Amis du transpersonnel, avons-nous du cœur?
Ceux qui ont lu le bouleversant témoignage des Dialogues avec l’Ange, n’auront pu rester insensibles à l’issue de cet épisode biographique: alors qu’elle pourrait se sauver parce qu’on la croit aryenne, la blonde Hannah répond “non, je suis juive” puis monte en conscience dans un train de la mort. Les quelques semaines qui lui restent à vivre seront passées à accueillir et soulager la détresse de ses frères et soeurs spirituels. Combien d’entre nous sommes capables d’une telle intégrité?
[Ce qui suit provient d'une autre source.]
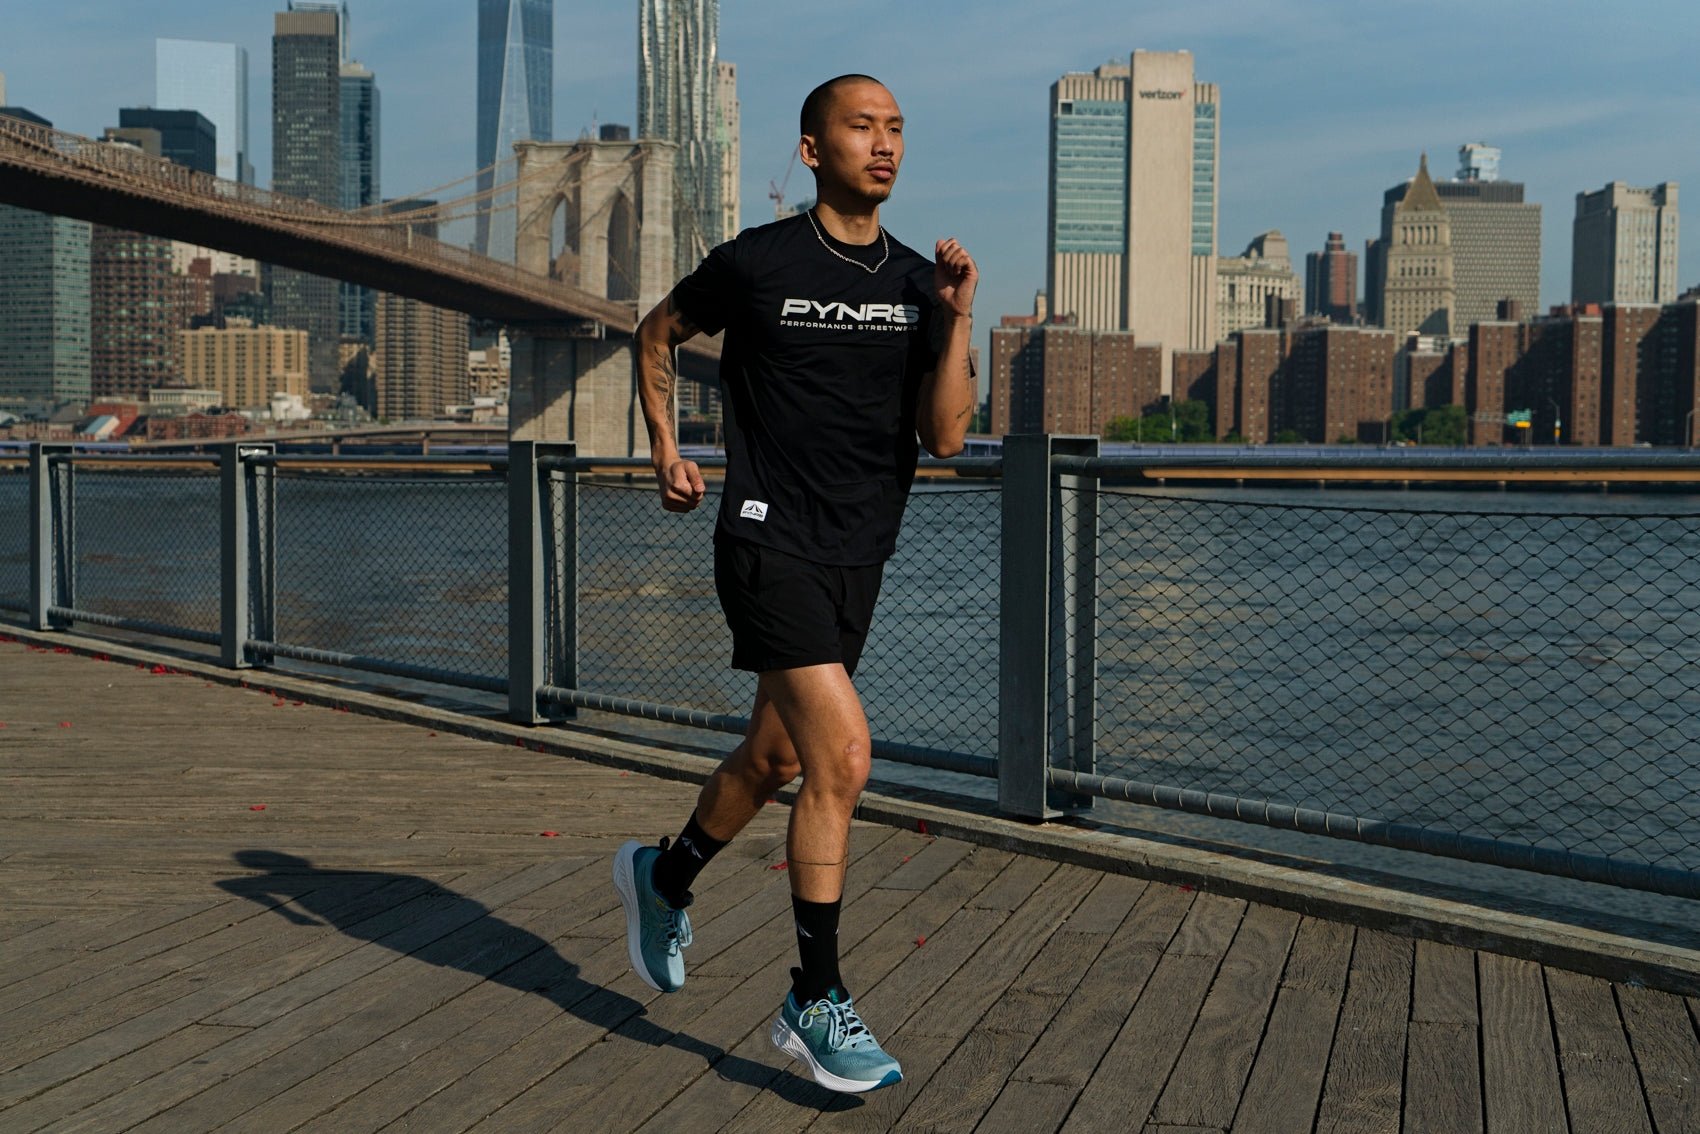 Why Breathable Fabrics are Essential for a good Running Experience – PYNRS  Performance Streetwear

Depuis l’enfance je me suis rêvée héroïque, mais force est de constater que j’ai passé la première partie de ma vie à fuir l’engagement que je disais appeler de mes voeux. Si j’ai échoué tant de fois à traverser mes peurs, je comprends aujourd’hui que c’est parce que j’avais oublié l’essentiel: il n’y a jamais de conditions idéales, car les grandes révolutions sont toujours de petits gestes dont l’onde s’amplifie au fil du temps par ricochets. Rosa Parks était une citoyenne ordinaire, le jeune homme debout sur un char de la place Tien Anmen, un anonyme. Pourtant, il a suffit d’une brèche pour que leur grandeur d’âme transcende leur condition en disant “non!” à l’inacceptable. Ils ont pris le risque de la transgression, émettant un signal que d’autres ont osé relayer à leur tour. Combien d’entre nous sommes capables d’honorer ainsi nos valeurs ?
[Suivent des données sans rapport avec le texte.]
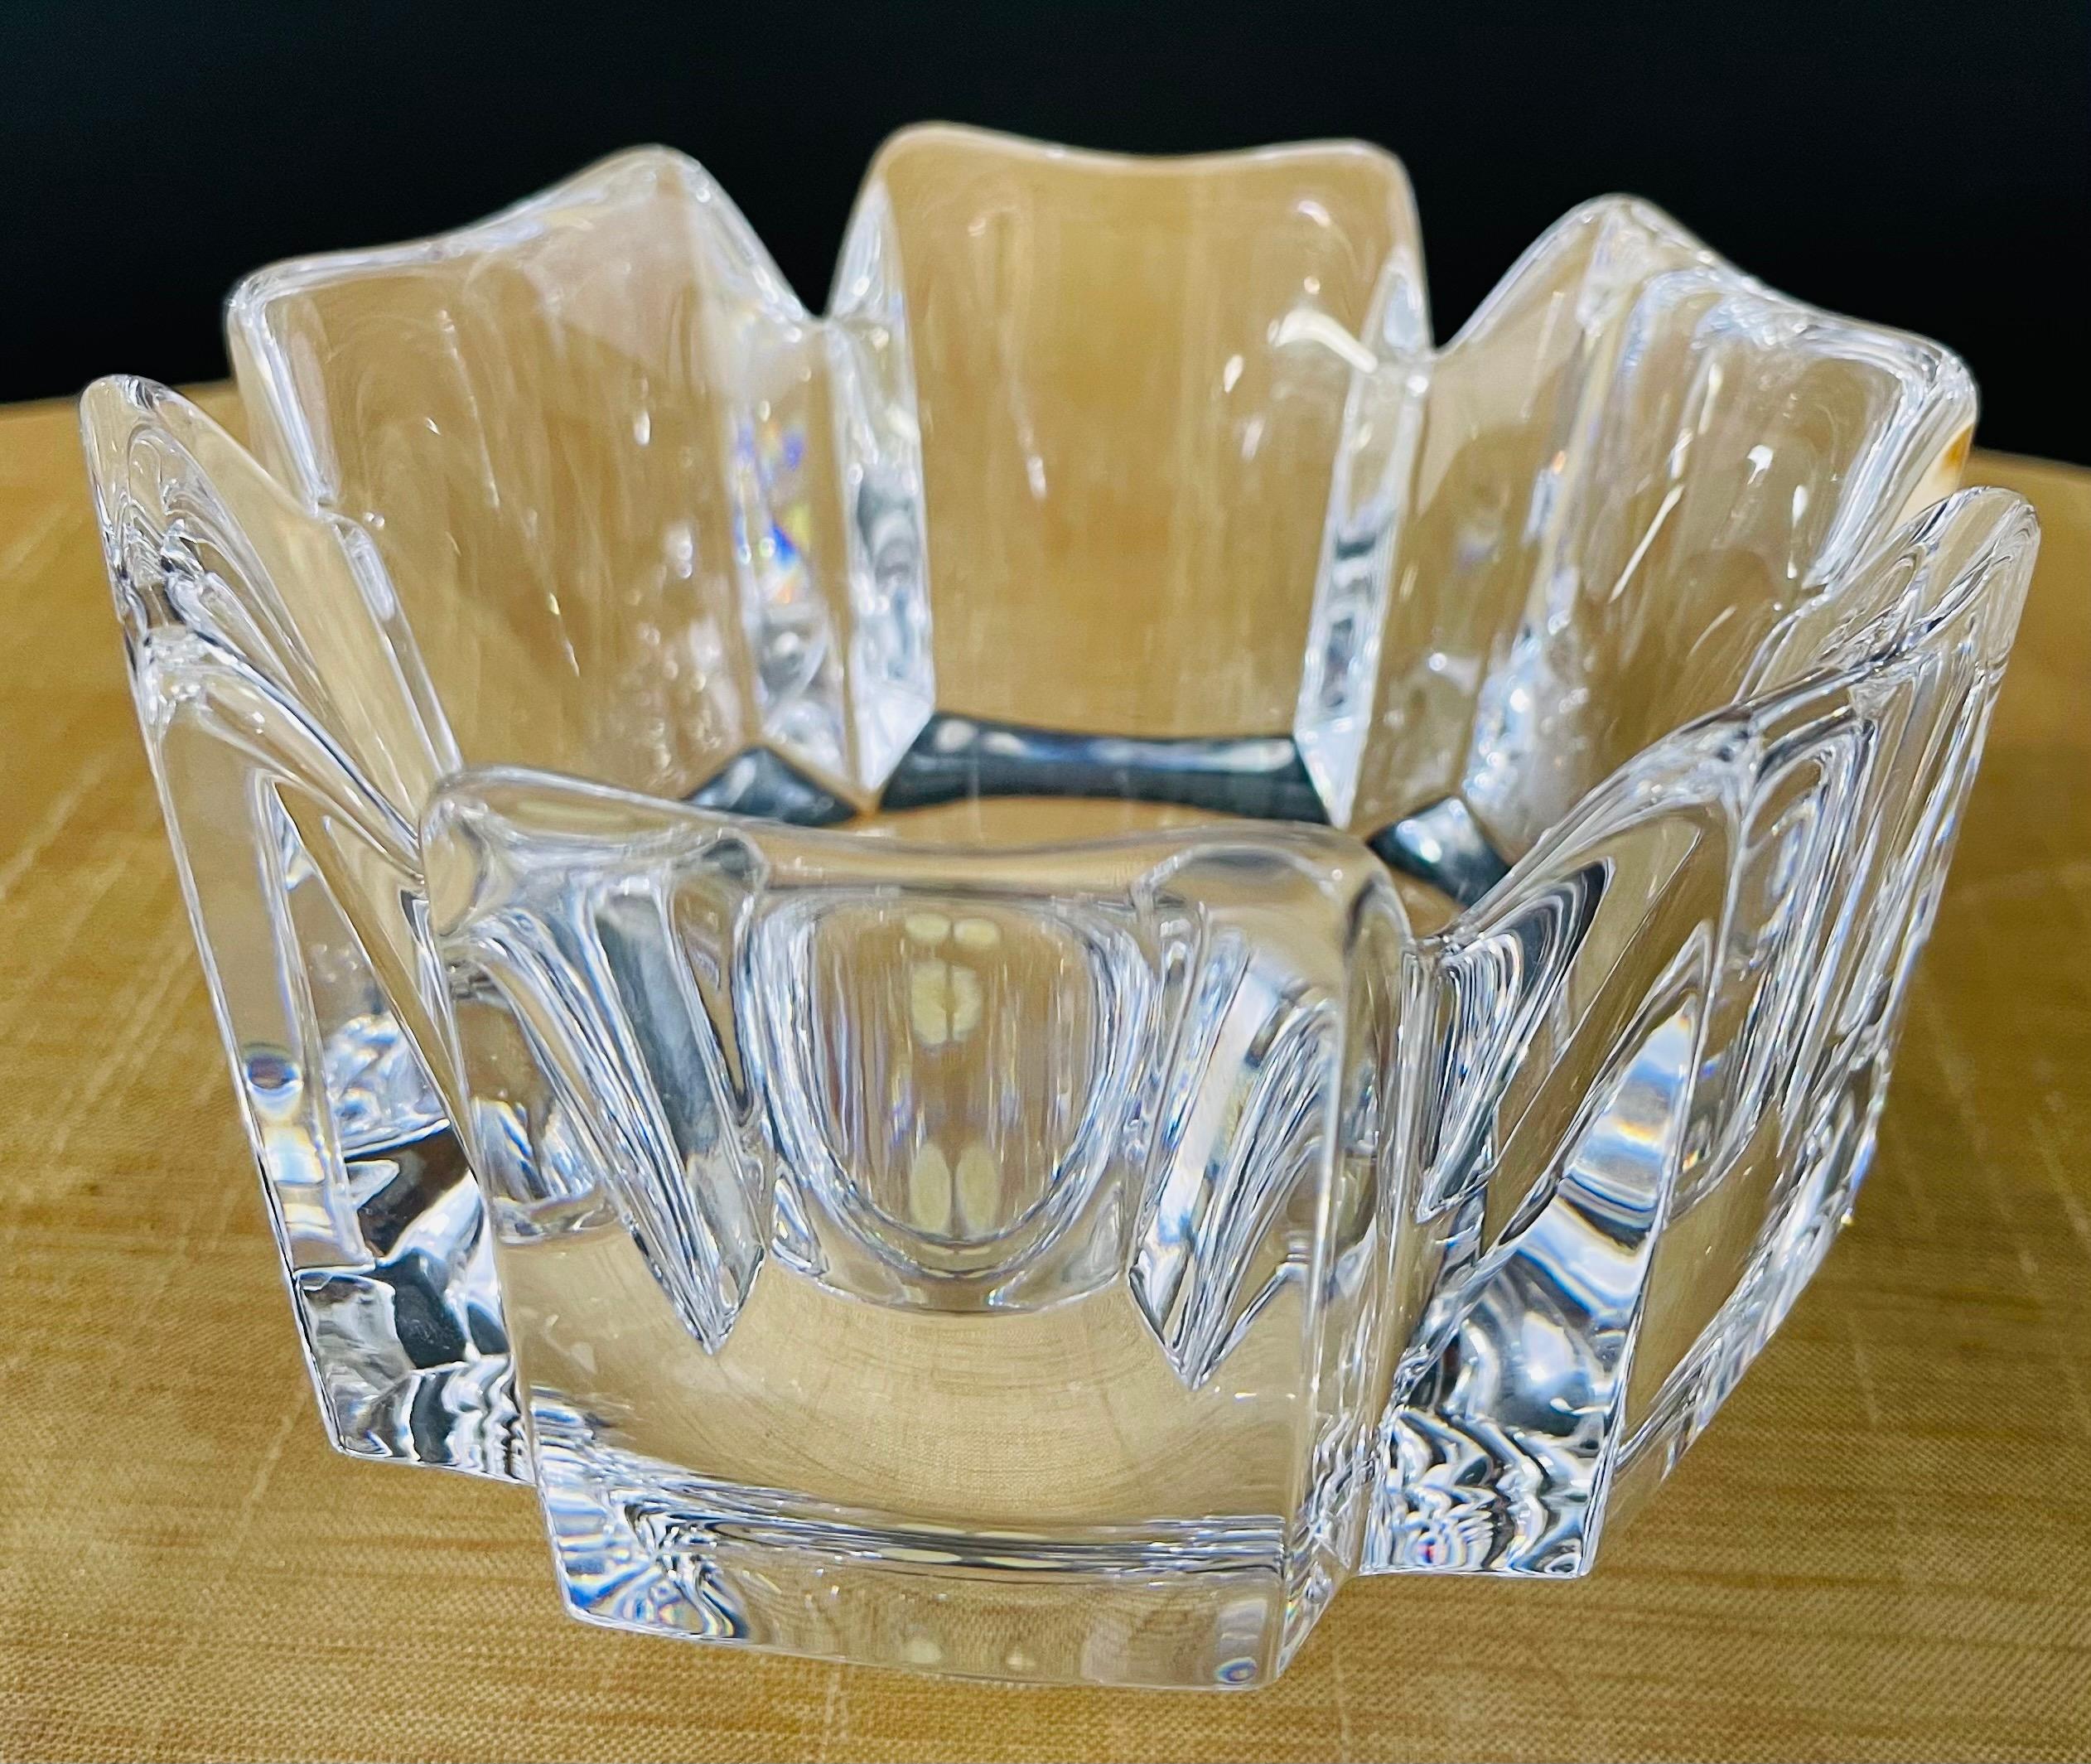 Crystal Small Dishes or Ashtrays, a Set of 7 6

Les destinées de Mohandas Gandhi et de Nelson Mandela ont prouvé que l’engagement spirituel est un puissant levier de transformation sociale lorsque nos conduites entrent en résonance émotionnelle avec nos idées. Ce que nous montrent les faits, c’est que nos paroles et prières doivent s’inscrire dans l’exemplarité de nos actes pour reconfigurer la réalité collective, sans quoi nous restons prisonniers d’une posture infantile stérile; nous attendons le maître ou la doctrine omniscient(e) ayant la solution ou l’explication à nos souffrances, nos invocations visent à marchander de la protection ou à fuir l’introspection autocritique, et nos pratiques rituelles se muent en bulles de ressourcement compensatoires. Combien d’entre nous sommes capables de quitter nos cocons spiritualistes pour oeuvrer dans la seule communauté digne de ce nom, la toile sociétale mondiale?
Ami(e)s lecteurs(trices), mon propos n’est pas de nous moraliser mais de rappeler que “coeur” et “courage” partagent leur racine sémantique, ce dont témoignent les parcours des illuminés de toutes les traditions. En France, peut-être plus qu’ailleurs, l’attachement au positivisme scientifique rend parfois très éprouvante l’adhésion officielle au transpersonnel. Certes, nous ne risquons plus le bûcher, mais les contrôles fiscaux, les dénonciations à Miviludes/aux RG ou la calomnie sont d’autres formes de bannissement qui n’ont rien à lui envier. Nous pouvons simplement continuer à nous cacher, surjouer la marginalisation, ou nous ressourcer entre nous à travers des rencontres festives pour entretenir notre philosophie. Nous pouvons aussi dire “non!” et fédérer nos individualités au-delà de prières ou méditations collectives, notamment dans le soutien actif des écoles ou associations qui ont ouvert nos chemins lorsqu’elles sont punies pour avoir transgressé. Ainsi découvrirons nous alors peut-être, comme le lion du Magicien d’Oz, la véritable magie du cœur?